Hande to provide process development and scale-up batches of material for Qualigen’s GLP toxicology studies for Orphan oncology candidate.

By: Kristin Brooks

Managing Editor, Contract Pharma

Qualigen Therapeutics, Inc. a life sciences company focused on developing treatments for adult and pediatric cancers with potential for Orphan Drug Designation, while also commercializing diagnostics, has partnered with China-based Hande Sciences to conduct manufacturing scale-up activities to support the Company’s IND-enabling good laboratory practice (GLP) studies for its lead therapeutic program, QN-302.
 
Hande specializes in scale-up of small molecules therapeutics and is building a large good manufacturing processes (GMP) manufacturing site, which is expected to be completed in August 2022. The agreement with Hande provides for process development and scale-up batches of material for the Company’s GLP toxicology studies, expected to begin 3Q22.
 
Tariq Arshad, MD, MBA, Qualigen’s Chief Medical Officer, commented, “We are on track to complete our IND-enabling studies for QN-302 in the third and fourth quarters of 2022 and are excited to partner with Hande, who has an excellent track record of performance.
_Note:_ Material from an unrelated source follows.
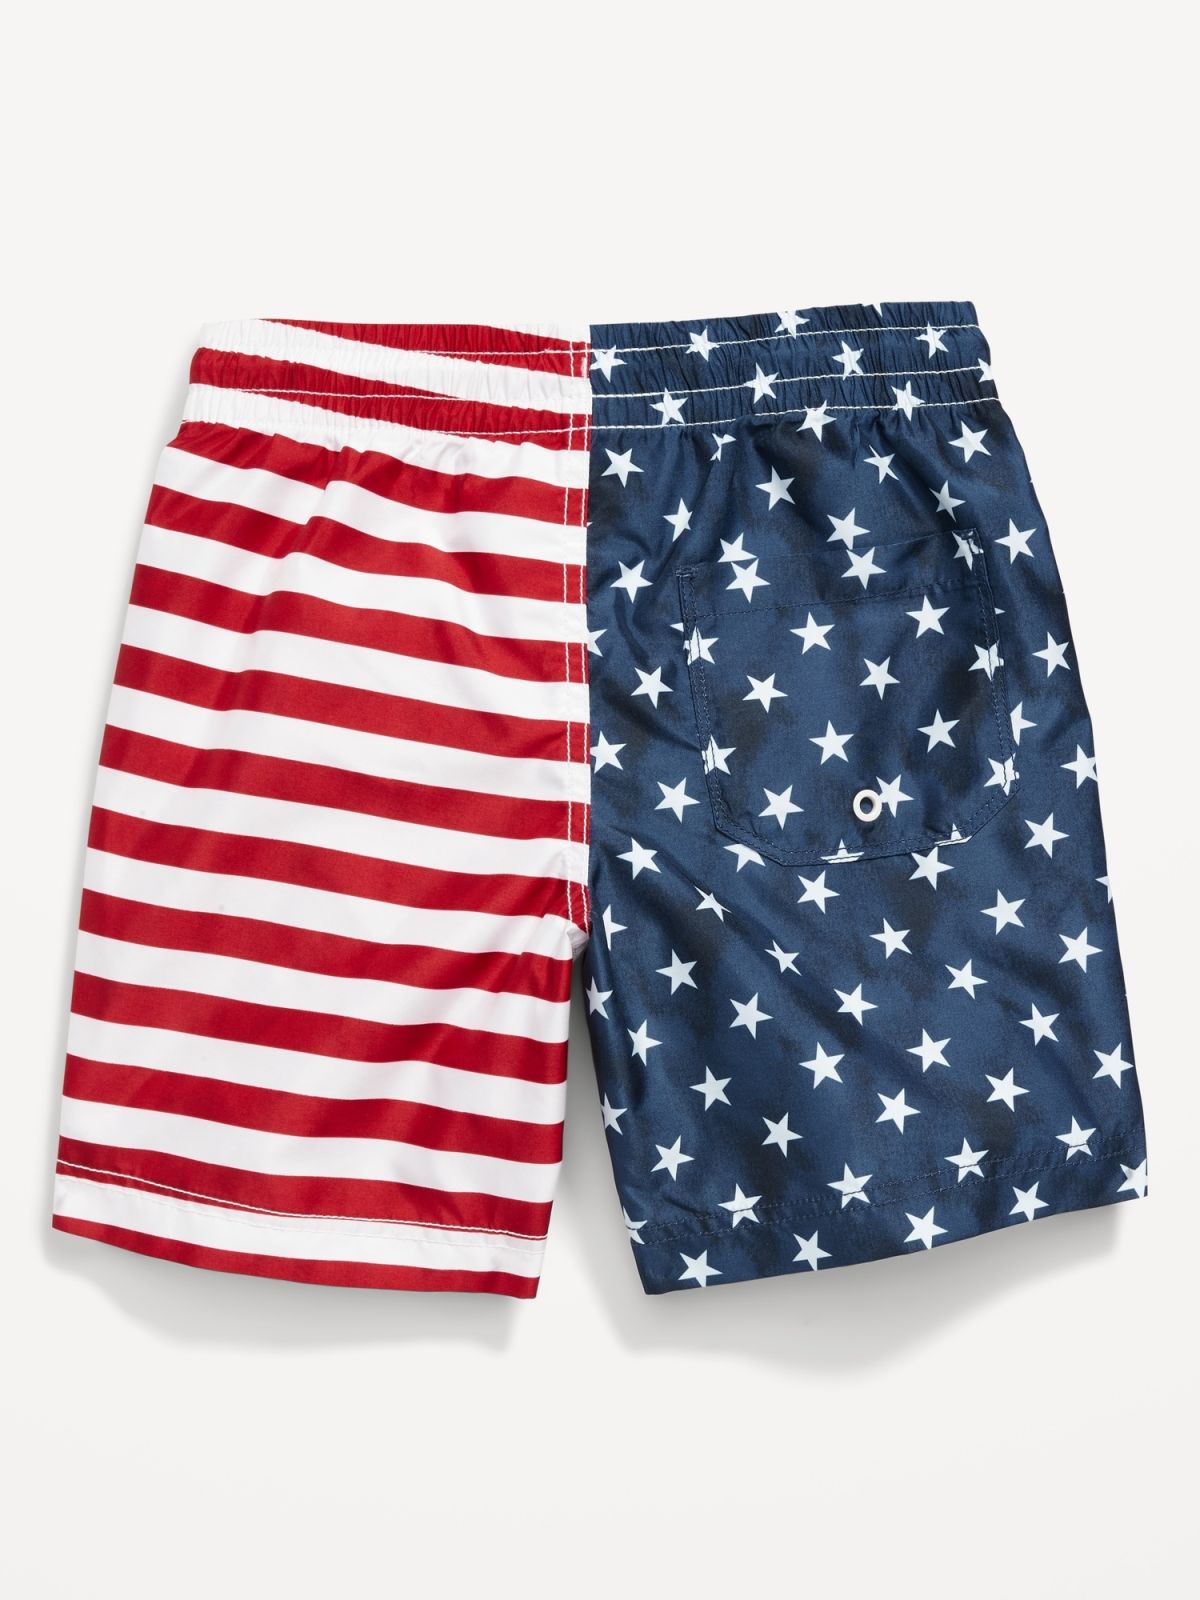  מכנסי בגד ים בהדפס דגל ארה"ב / בנים של OLD NAVY

We look forward to continuing to execute on our key milestones with highly experienced collaborators in an efficient and cost-effective manner.”
 
QN-302 is Qualigen’s G-quadruplex (G4)-selective transcription inhibitor platform being developed as a potential treatment for Pancreatic ductal adenocarcinoma (PDAC), in addition to other tumors of high unmet clinical need, such as Prostate Cancer. PDAC represents the vast majority of pancreatic cancers. Drugs that treat rare cancers such as PDAC qualify for Orphan Drug Designation (ODD) as the prevalence is <200,000 cases. ODD therapeutic programs typically require smaller clinical trials and have an expedited regulatory path.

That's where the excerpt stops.